John Garry Nov. 16, 2023, 10:53 a.m. UTC | #1

On 14/11/2023 01:37, Mike Christie wrote:
> For passthrough we don't retry any error we get a check condition for.

nit: For passthrough we don't retry any error which we get a check 
condition for.

> This results in a lot of callers driving their own retries for all UAs,
> specific UAs, NOT_READY, specific sense values or any type of failure.
> 
> This adds the core code to allow passthrough users to specify what errors
> they want scsi-ml to retry for them.

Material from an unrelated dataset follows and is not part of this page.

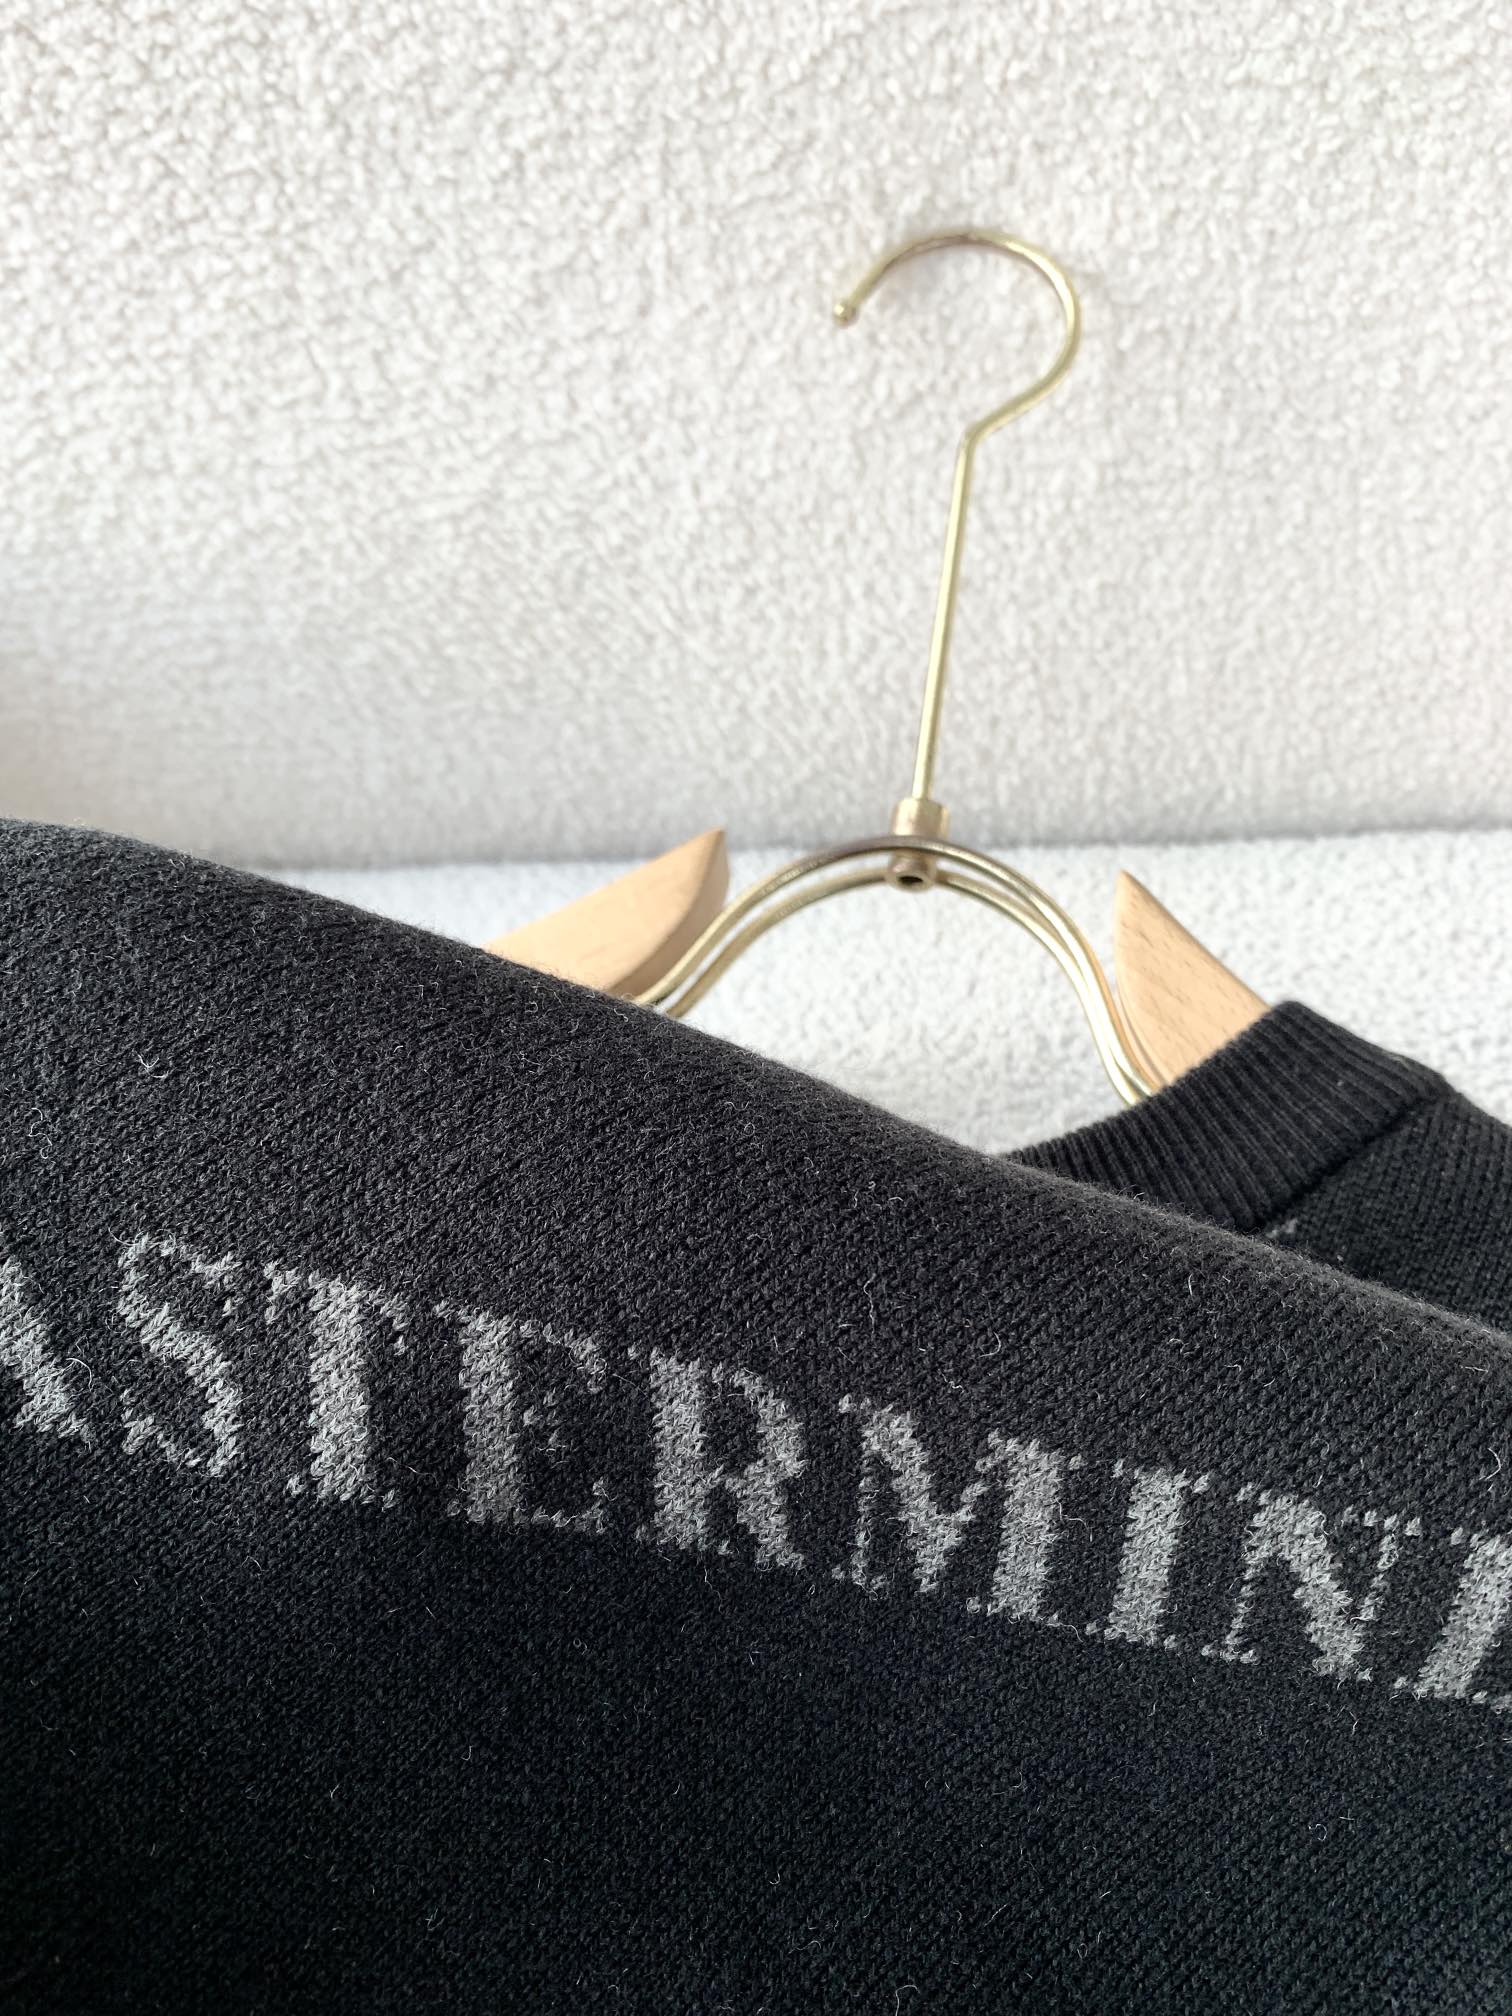 MASTERMIND ホスピタリティマインド とはコピー ウール セーター トップス 柔らかい ニット 髑髏ロゴ ブラック_8

We can then convert users to drop
> a lot of their sense parsing and retry handling.
> 
> Signed-off-by: Mike Christie <michael.christie@oracle.com>

Looks ok to me, so feel free to pick up:
Reviewed-by: John Garry <john.g.garry@oracle.com>

> ---
>   drivers/scsi/scsi_lib.c    | 92 ++++++++++++++++++++++++++++++++++++++
>   include/scsi/scsi_device.h | 48 ++++++++++++++++++++
>   2 files changed, 140 insertions(+)
> 
> diff --git a/drivers/scsi/scsi_lib.c b/drivers/scsi/scsi_lib.c
> index cf3864f72093..dee43c6f7ad0 100644
> --- a/drivers/scsi/scsi_lib.c
> +++ b/drivers/scsi/scsi_lib.c
> @@ -184,6 +184,92 @@ void scsi_queue_insert(struct scsi_cmnd *cmd, int reason)
>   	__scsi_queue_insert(cmd, reason, true);
>   }
>   
> +void scsi_reset_failures(struct scsi_failures *failures)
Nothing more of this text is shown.